A note about scale: The rank-bm25 library works great for our 5,000 abstracts and similar small datasets. It’s perfect for learning BM25 concepts without complexity. For larger datasets or production systems, you’d typically use faster BM25 implementations found in search engines like Elasticsearch, OpenSearch, or Apache Lucene. These are optimized for millions of documents and high query volumes.
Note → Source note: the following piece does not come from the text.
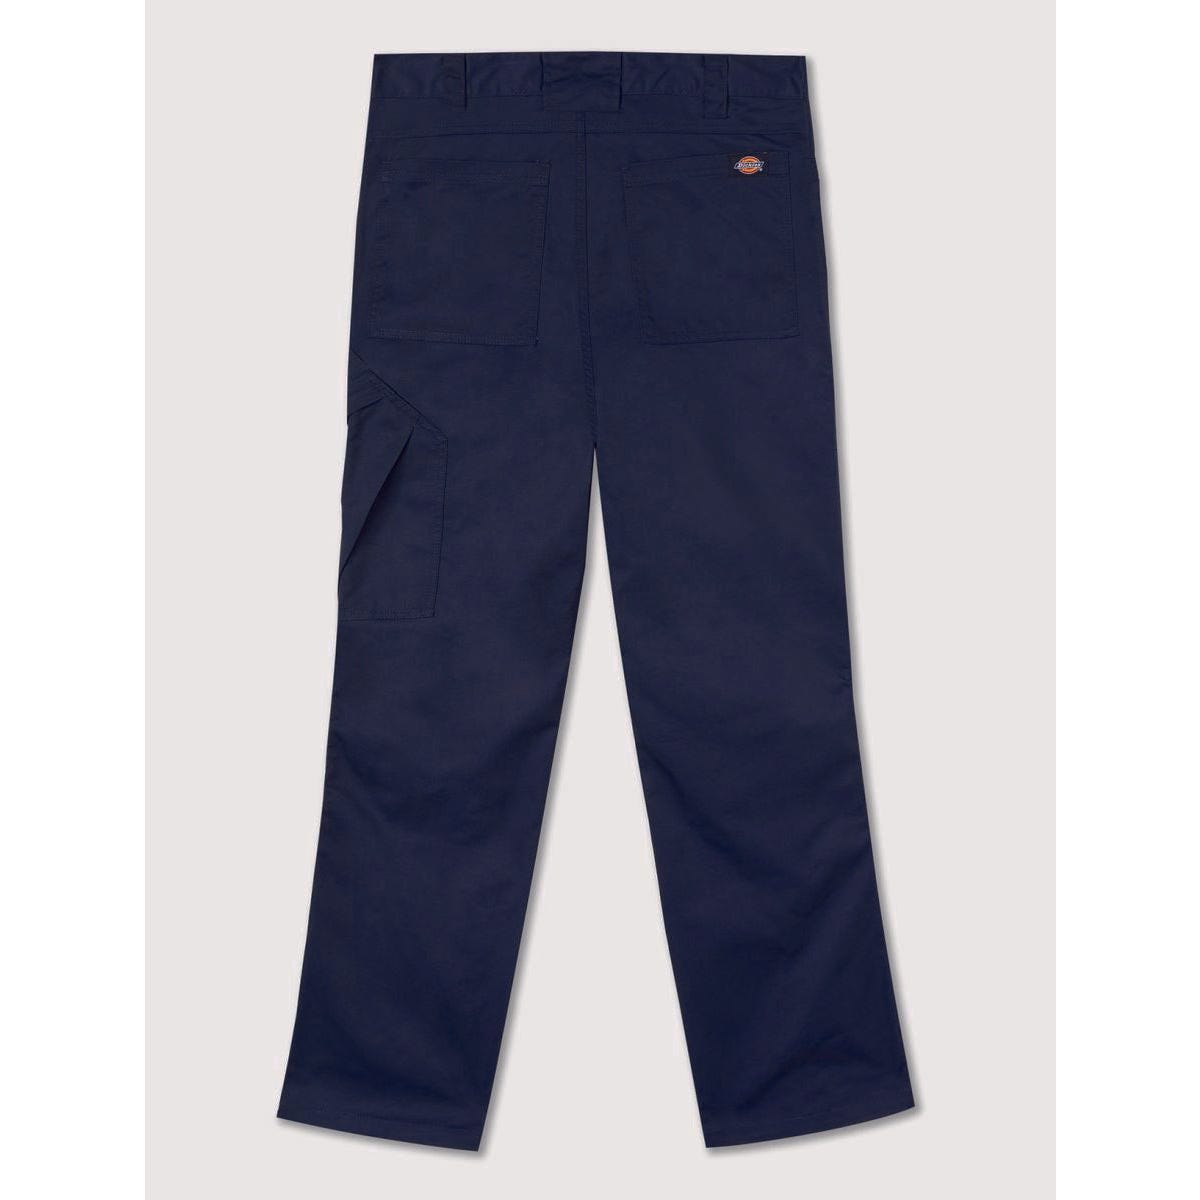 Pantalon de travail Action Flex gris - Dickies - Taille 46 6

For now, rank-bm25 gives us everything we need to understand how keyword search complements vector search.
Comparing BM25 to Vector Search
Let’s run the same query through vector search:
# Vector search for the same query
results_vector = search_with_filter(query, n_results=5)
print(f"\nSame query: '{query}'")
print("Top 5 by vector similarity:")
for i in range(5):
metadata = results_vector['metadatas'][0][i]
distance = results_vector['distances'][0][i]
print(f"{i+1}. [{metadata['category']}] {metadata['title'][:60]}...")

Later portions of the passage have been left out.